Chaya, Espinafre de árvore


Folhas de Chaya, variedade "estrella".
É uma pena que não tenhamos a chaya em todas as feiras do Brasil. Nativa do México, essa hortaliça folhosa forma uma arvoreta de até 6 metros de altura, e possui folhas comestíveis. As folhas, parecidas com a da mandioca, são deliciosas e sabem à couve, escuras e vitaminadas. São deliciosas, e além da planta ser rústica, possui um crescimento super rápido. 

Eu acho muito interessante pensar que podemos consumir as folhas de algumas plantas arbóreas. Em geral pensamos nas folhas mais comuns, nas hortaliças, plantas pequenas e de ciclo curto, mas esquecemos que existem boas opções de hortaliças arbóreas. Algumas mais comuns, como a paineira (sim, come-se as folhas jovens, caso consiga alcançá-las), outras menos comuns, como a chaya ou espinafre de árvore. 

Ter como opção consumir algumas folhas de árvores é sempre um bom negócio, porque, como regra geral, plantas com raízes mais profundas conseguem absorver nutrientes que não estão disponíveis na superfície, e certas plantas de pequeno porte não alcançam. Com suas exceções, claro. Árvores são em geral mais resistentes e ocupam pouca área de solo, deixo a área sobre a copa disponível para plantar outras hortaliças. Ou seja, você aproveita os estratos da vegetação e não fica dependente apenas do nível do solo.

Se não podar, as folhas ficam lá no alto!
A chaya (pronuncia-se "txai-a") é uma planta da família das euphorbiáceas, uma família notadamente venenosa. Temos algumas espécies comestíveis, como a mandioca, da qual a chaya é parente próxima. Aliás, são raras exceções, porque essa família possui poucas espécies de folhas comestíveis. A folha da mandioca é uma delas, mas sempre cozida - a maniçoba paraense ferve por muitos dias antes de ser consumida.

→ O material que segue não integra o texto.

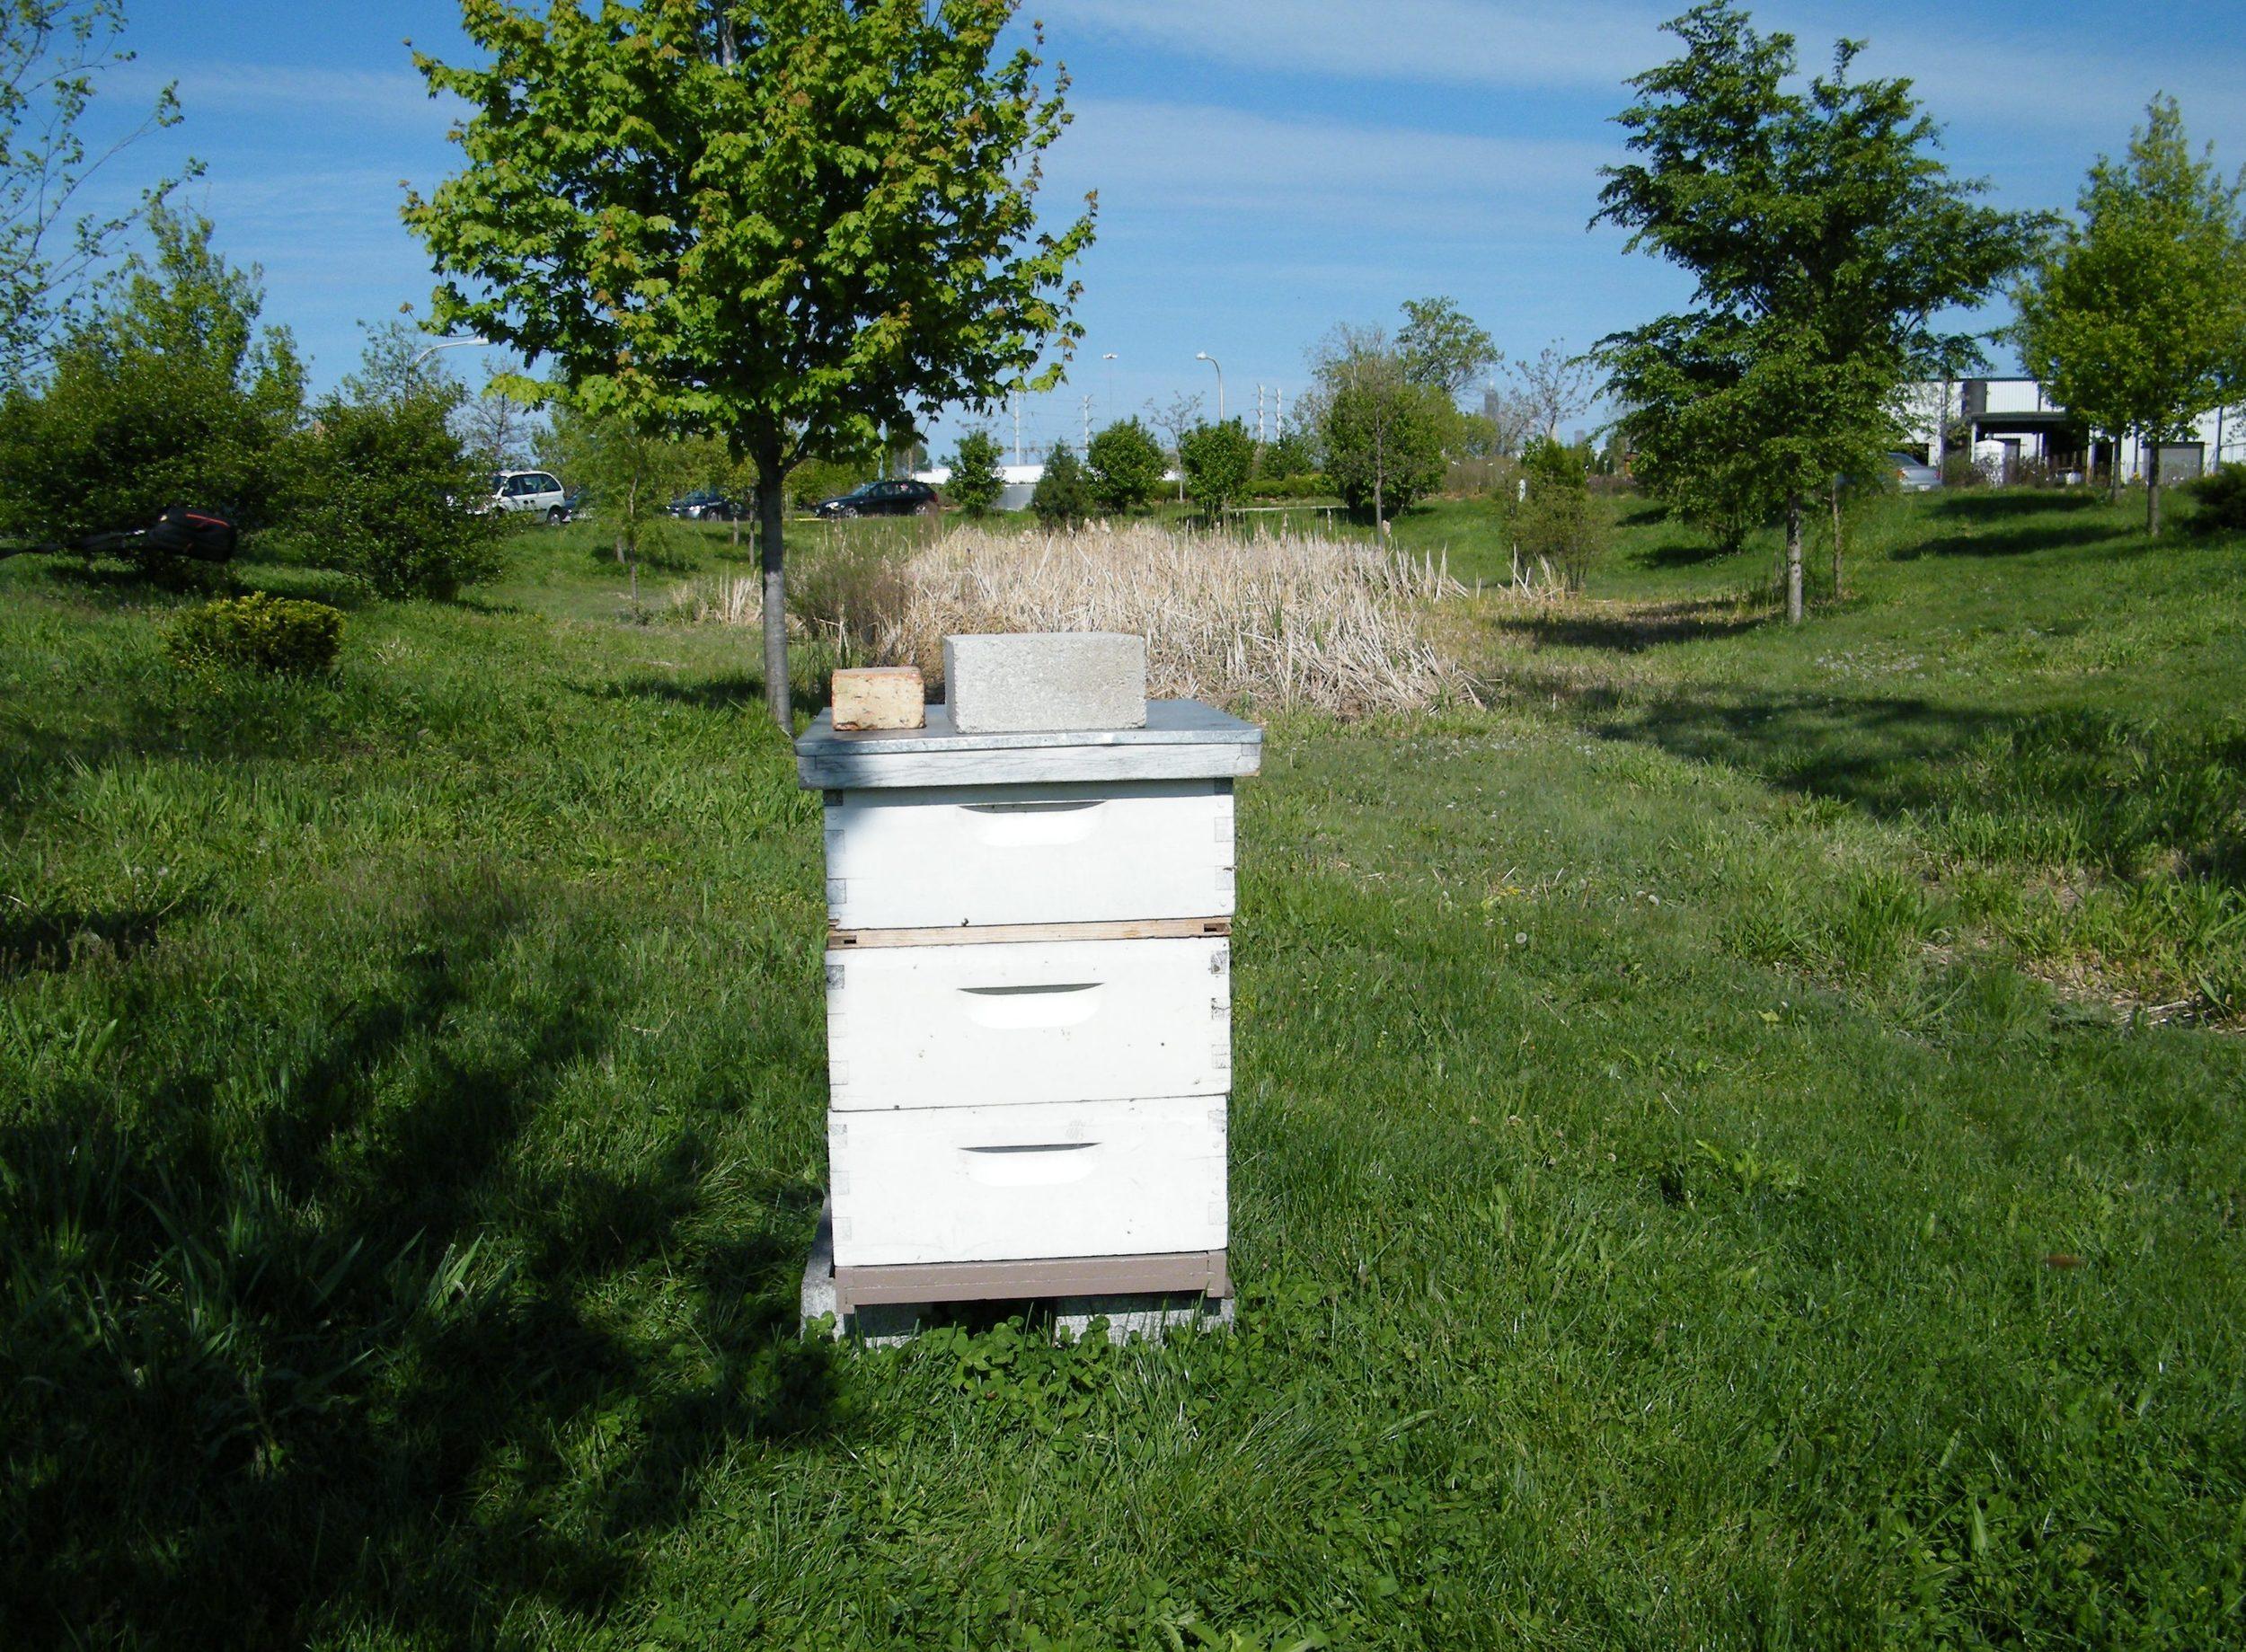 hive in sunlight.jpg

A chaya possui as mesmas substâncias da mandioca-brava, mas em quantidades baixas. Na realidade, o que denominamos por chaya é a espécie Cnidoscolus aconitifolius, que possui cinco variedades, variando em teores de ácido hidrocianídrico entre elas. Percebe-se que é uma planta domesticada, onde há diferenças evidentes entre seus cultivares. Cultivar é um grupo de plantas "domesticadas" pelo homem para ter alguma característica, de forma a diferenciar-se da planta original da natureza. Assim, algumas chayas são mais mansas, outras precisam de mais cozimento. Em comum, não recomenda-se consumir nenhuma crua, sendo a fervura um requisito para consumir essa hortaliça.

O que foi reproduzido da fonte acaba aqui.